Worrying about the delay in the project fogged my mind and I couldn't think logically, blind to different possibilities.

Taking a break and having a clear mind is very important. This has happened to me a couple of times so decided to post this here today to remember not to repeat this ever lol.


Edit: Thanks for the award kind stranger. I thought this was more of a personal problem, reading all the comments I'm happy to know I'm not alone. I feel more normal now 🙂.

Understand the Other Objects of the Reddit’s JSON

We now have covered the most important aspect of the Reddit JSON.

You Might Also Like  Upload Sitemaps to Google Search Console with the API (Python)

Let’s look at the other objects.

  • Response’s Kinds
  • Other objects inside the data

Reddit Response’s Kind

Kind returns a string that tells the type of the object. You will not find any “data” in that key.

print(r['kind'])
# Listing

In that case, ‘Listing’ represents a list of things. ‘Listing’ is used to paginate results when they are too long to display all at once.

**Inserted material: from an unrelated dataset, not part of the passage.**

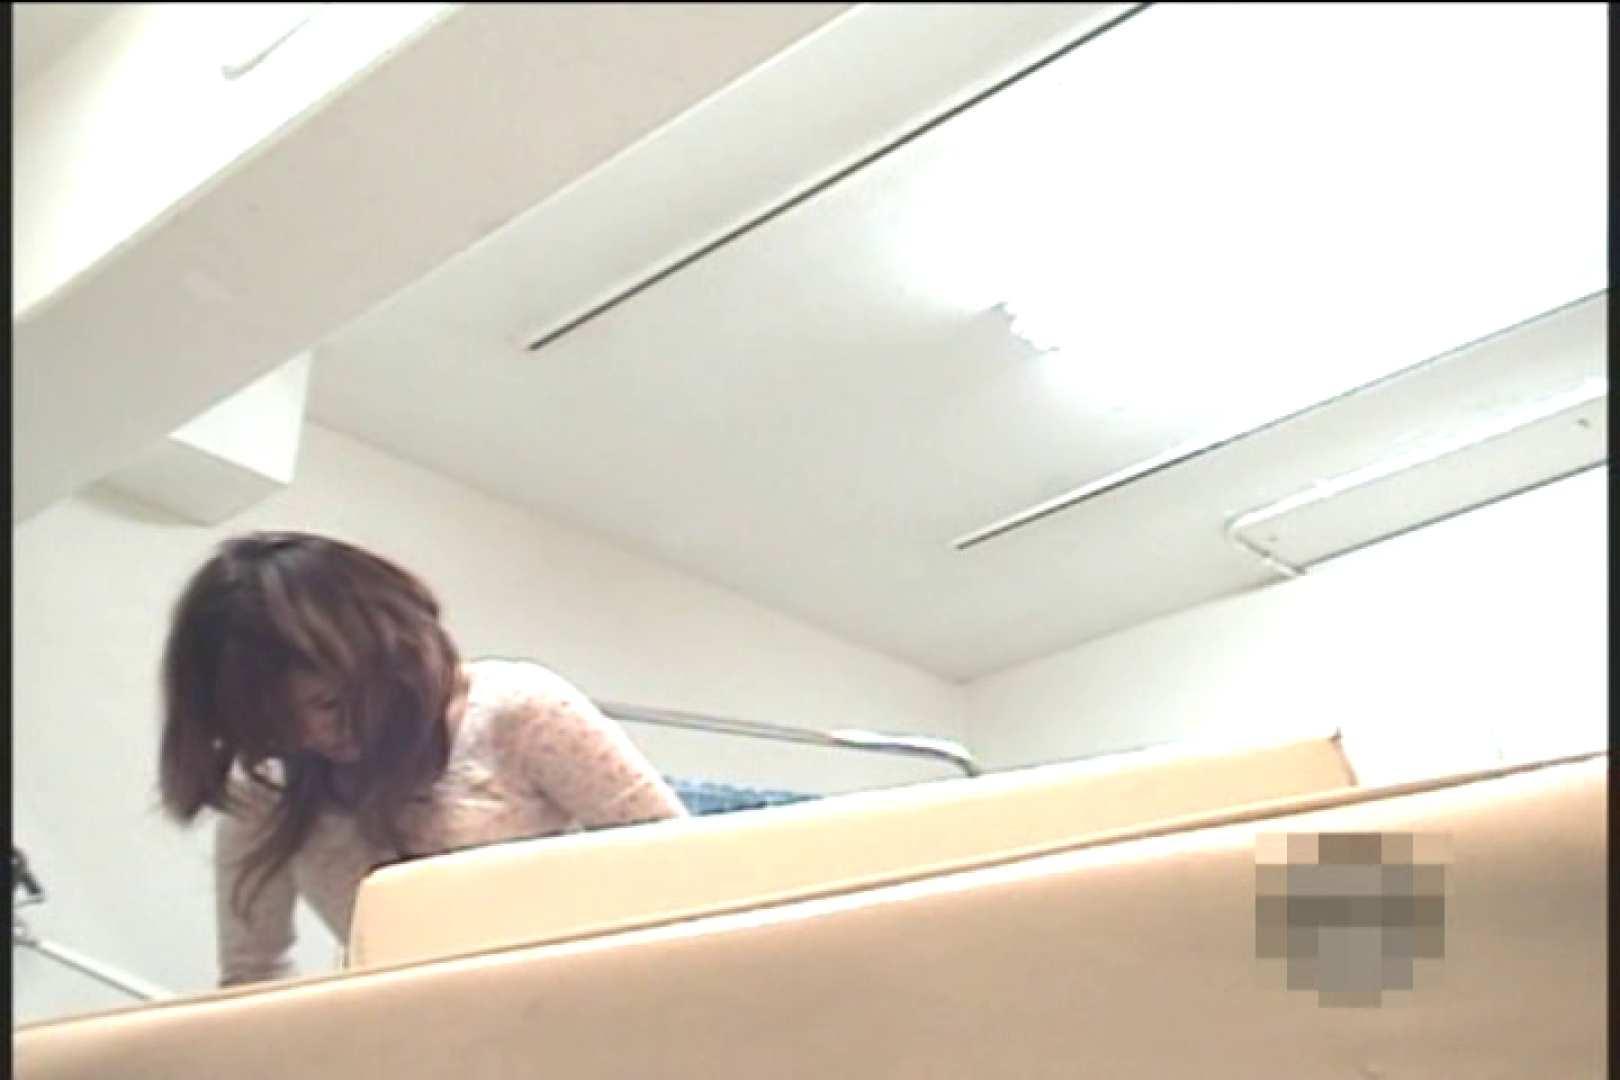 逆噴射病院 肛門科Vol.3 セックス流出映像 スケベ動画紹介 49連発 43

If we look at the actual post ‘kind’, you will see a different string identifier.

r['data']['children'][0]['kind']
# 't3'

Here are the meanings of the other list identifiers.

  • t1: Comment
  • t2: Account
  • t3: Link
  • t4: Message
  • t5: Subreddit
  • t6: Award

Other Objects Inside the Data

Inside the data, we had 5 elements: modhash, dist, children, after, before.

r['data'].keys()
# dict_keys(['modhash', 'dist', 'children', 'after', 'before'])

We have already covered the ‘children‘ element, let’s look at the others.

print(f"Modhash: {r['data']['modhash']}")
print(f"dist: {r['data']['dist']}")
print(f"after: {r['data']['after']}")
print(f"before: {r['data']['before']}")
# Modhash: 
# dist: 100
# after: t3_kkwabd
# before: None
  • Modhash: The modhash is to prevent CSRF, but since we did not log-in to make that request, we did not set modhash.
  • Dist: Is the number of items that you extracted
  • After: Name of the listing that follows after this page. None if no page after (i.e. you extracted the last result).
  • Before: Name of the listing that comes before this page

Conclusion

There it is. Hopefully, Reddit’s API JSON response makes a little more sense for you. If you want to dive deeper, you can always go to the dev documentation or to this outdated repository on the subject.